What is required :: Aside from the pictures, copy the listing exactly.

Data segment ::
* * * *

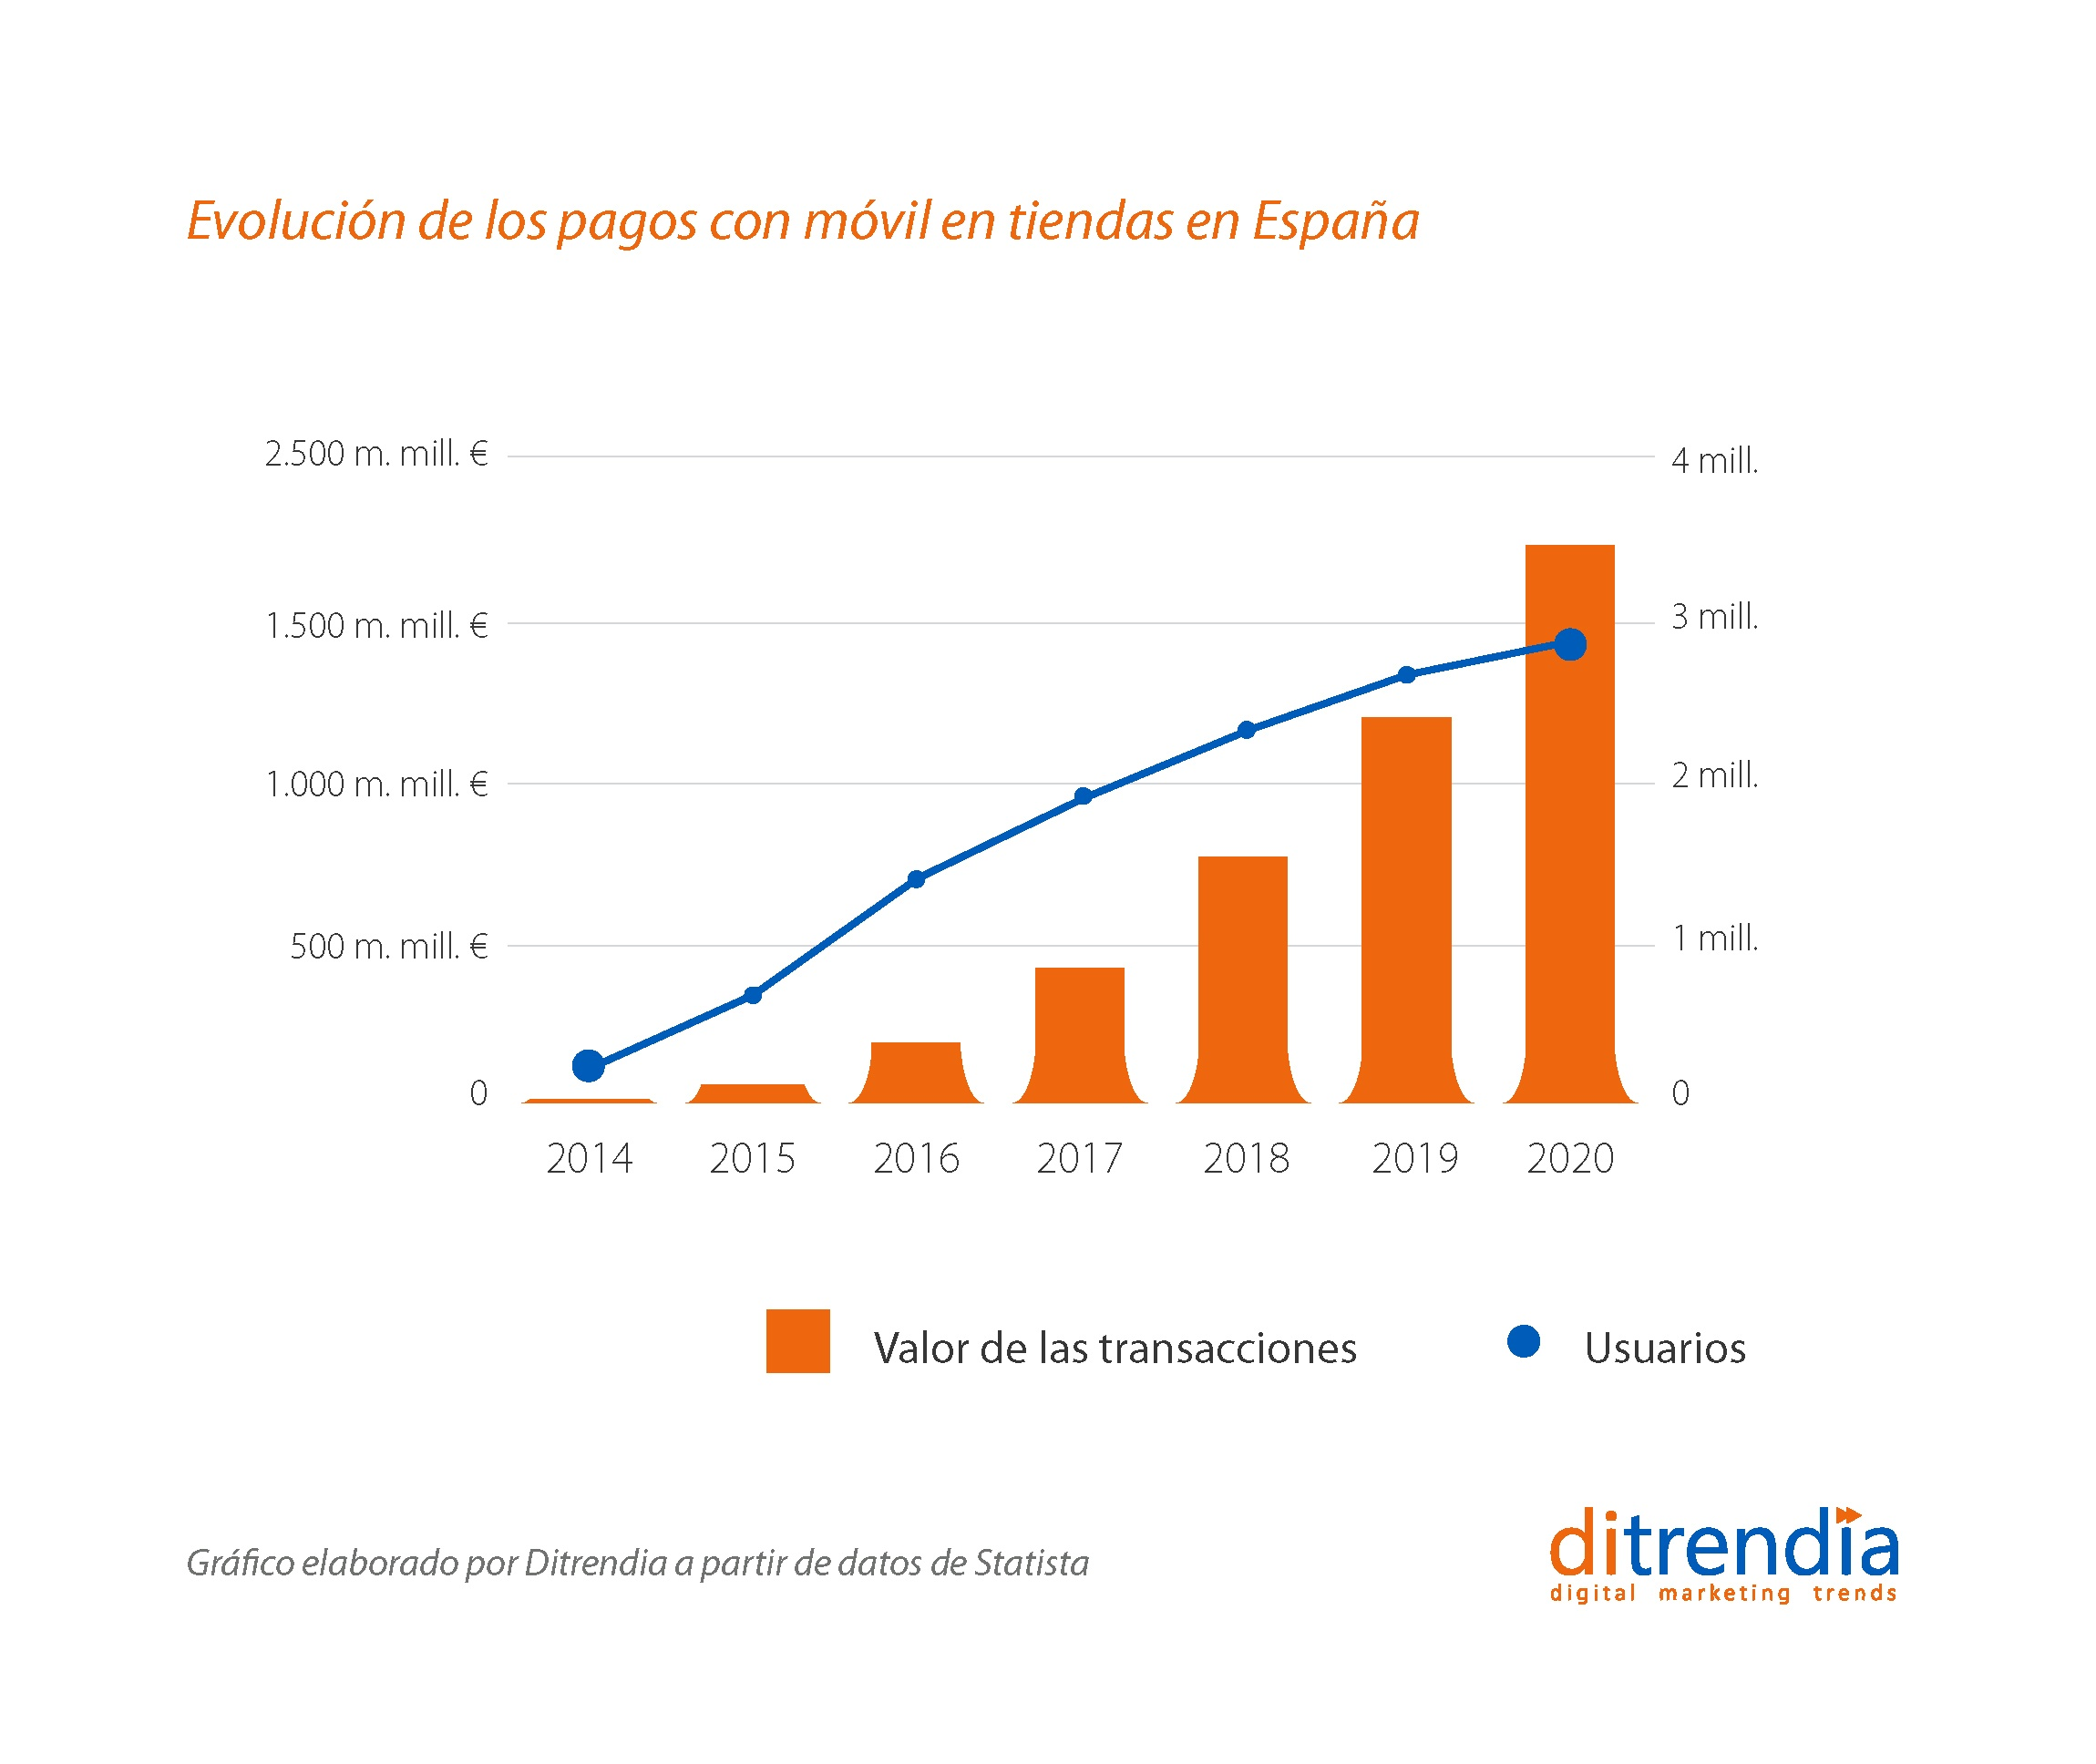 Evolución de los pagos móviles en tiendas en España
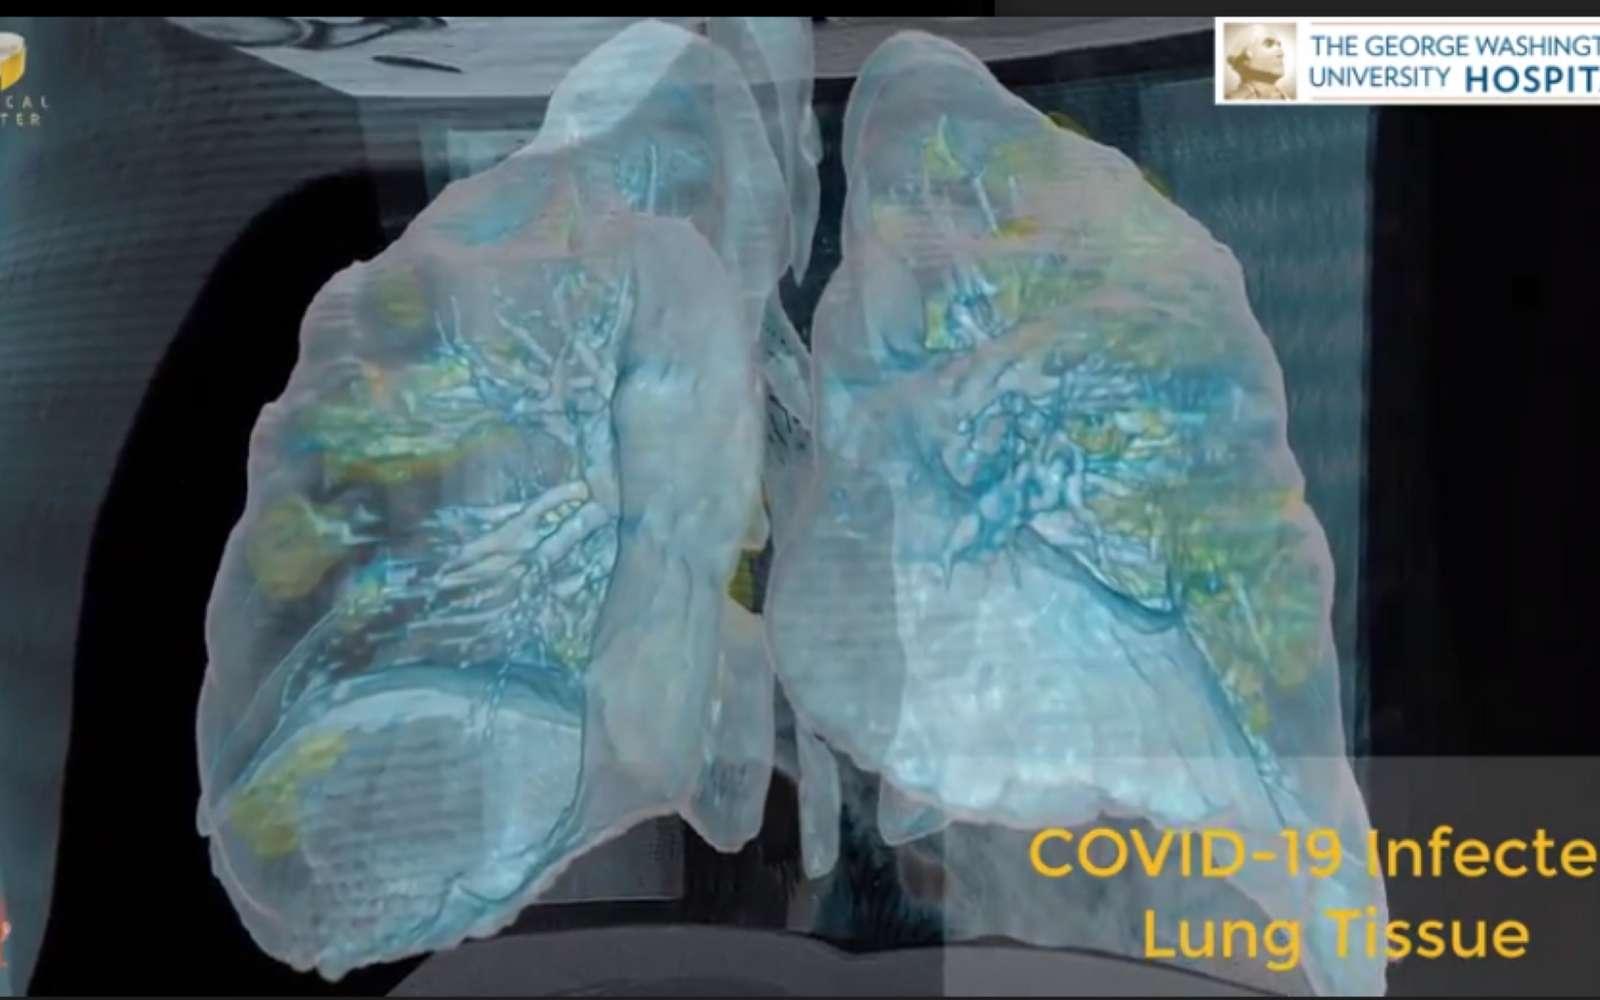 Pas besoin d'être un médecin pour visualiser les dégâts sur les poumons d'un malade du Covid-19 grâce à la VR. © George Washington University Hospital
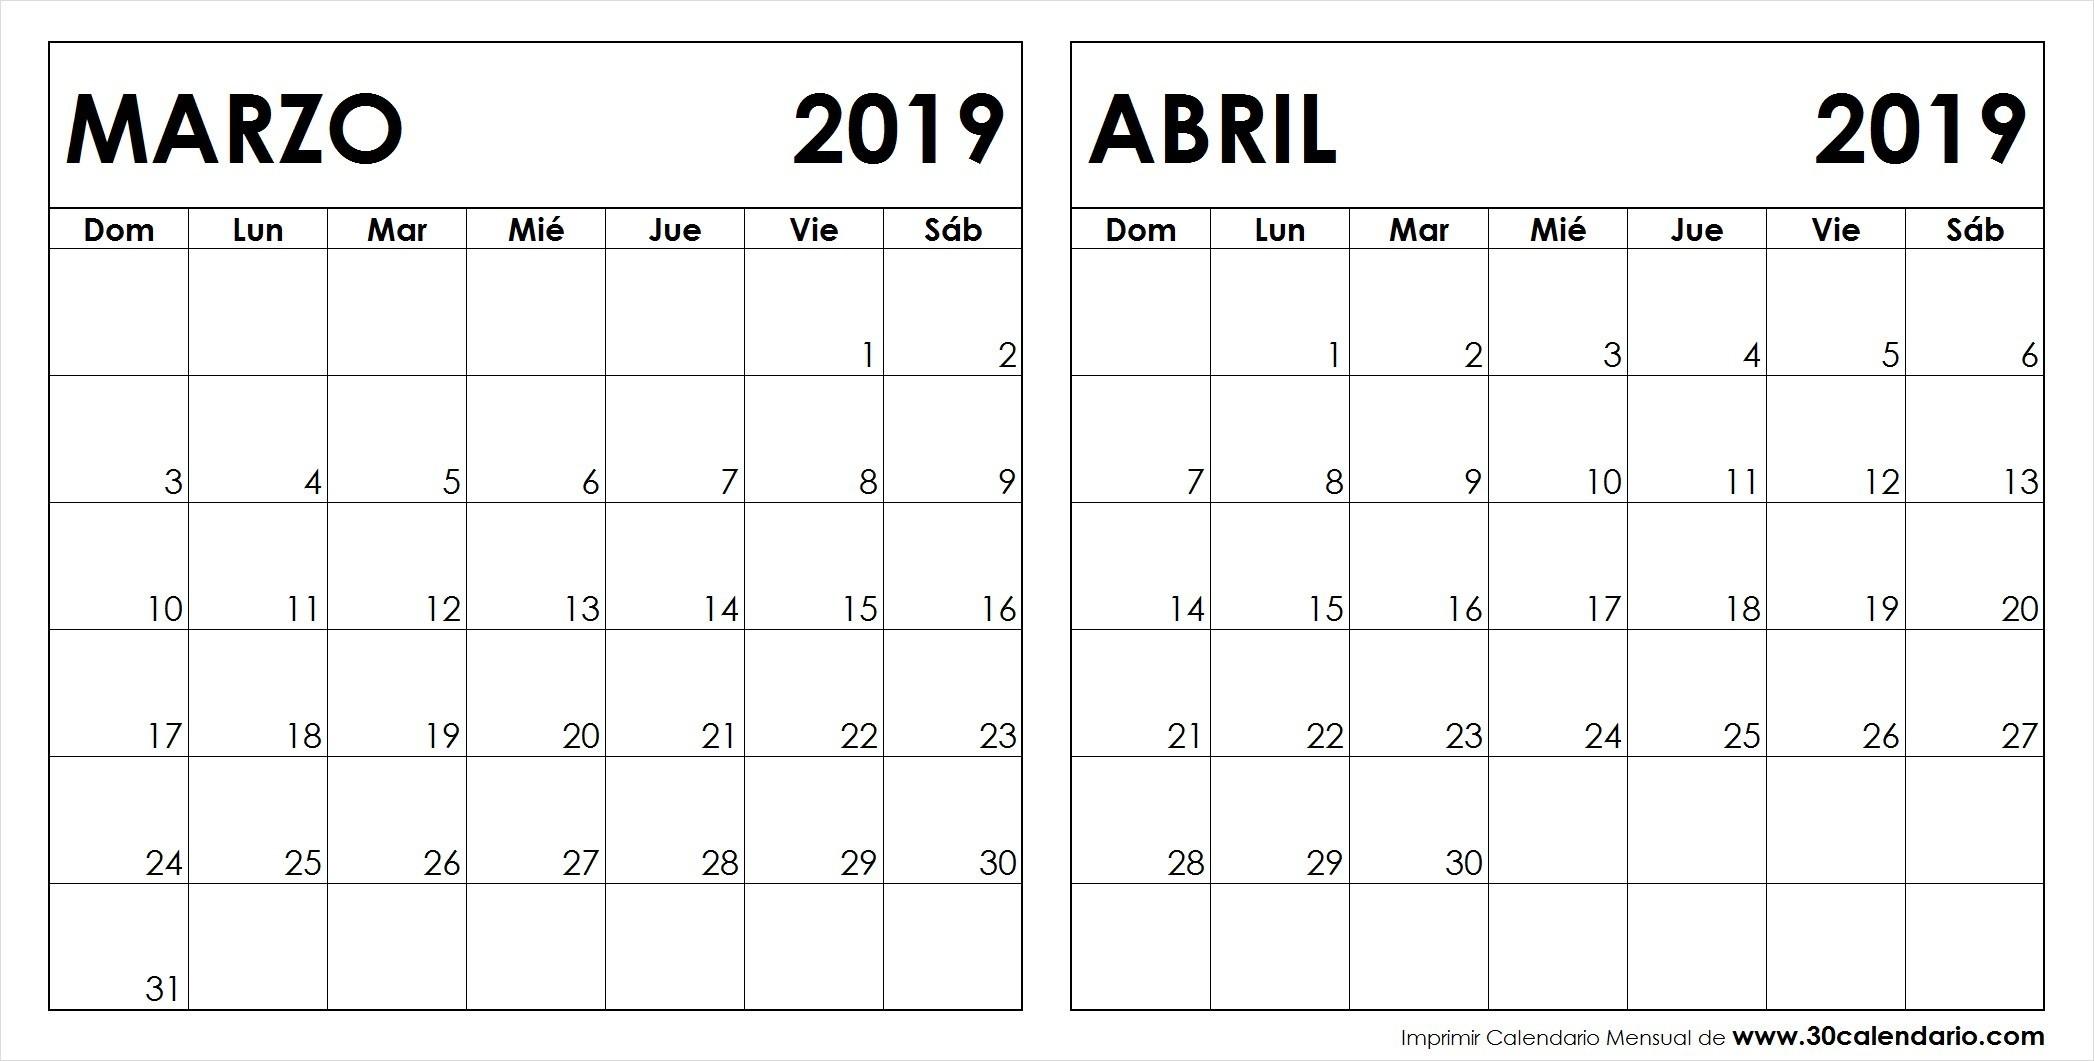 Calendario 2019 Colombia Con Festivos Pdf Mejores Y Más Novedosos Noticias Calendario Para Imprimir Con Festivos 2019 Of Calendario 2019 Colombia Con Festivos Pdf Más Arriba-a-fecha El Mundo 0601 [pdf Document]

* * * *

Solution ::
 Evolución de los pagos móviles en tiendas en España
 Pas besoin d'être un médecin pour visualiser les dégâts sur les poumons d'un malade du Covid-19 grâce à la VR. © George Washington University Hospital
 Calendario 2019 Colombia Con Festivos Pdf Mejores Y Más Novedosos Noticias Calendario Para Imprimir Con Festivos 2019 Of Calendario 2019 Colombia Con Festivos Pdf Más Arriba-a-fecha El Mundo 0601 [pdf Document]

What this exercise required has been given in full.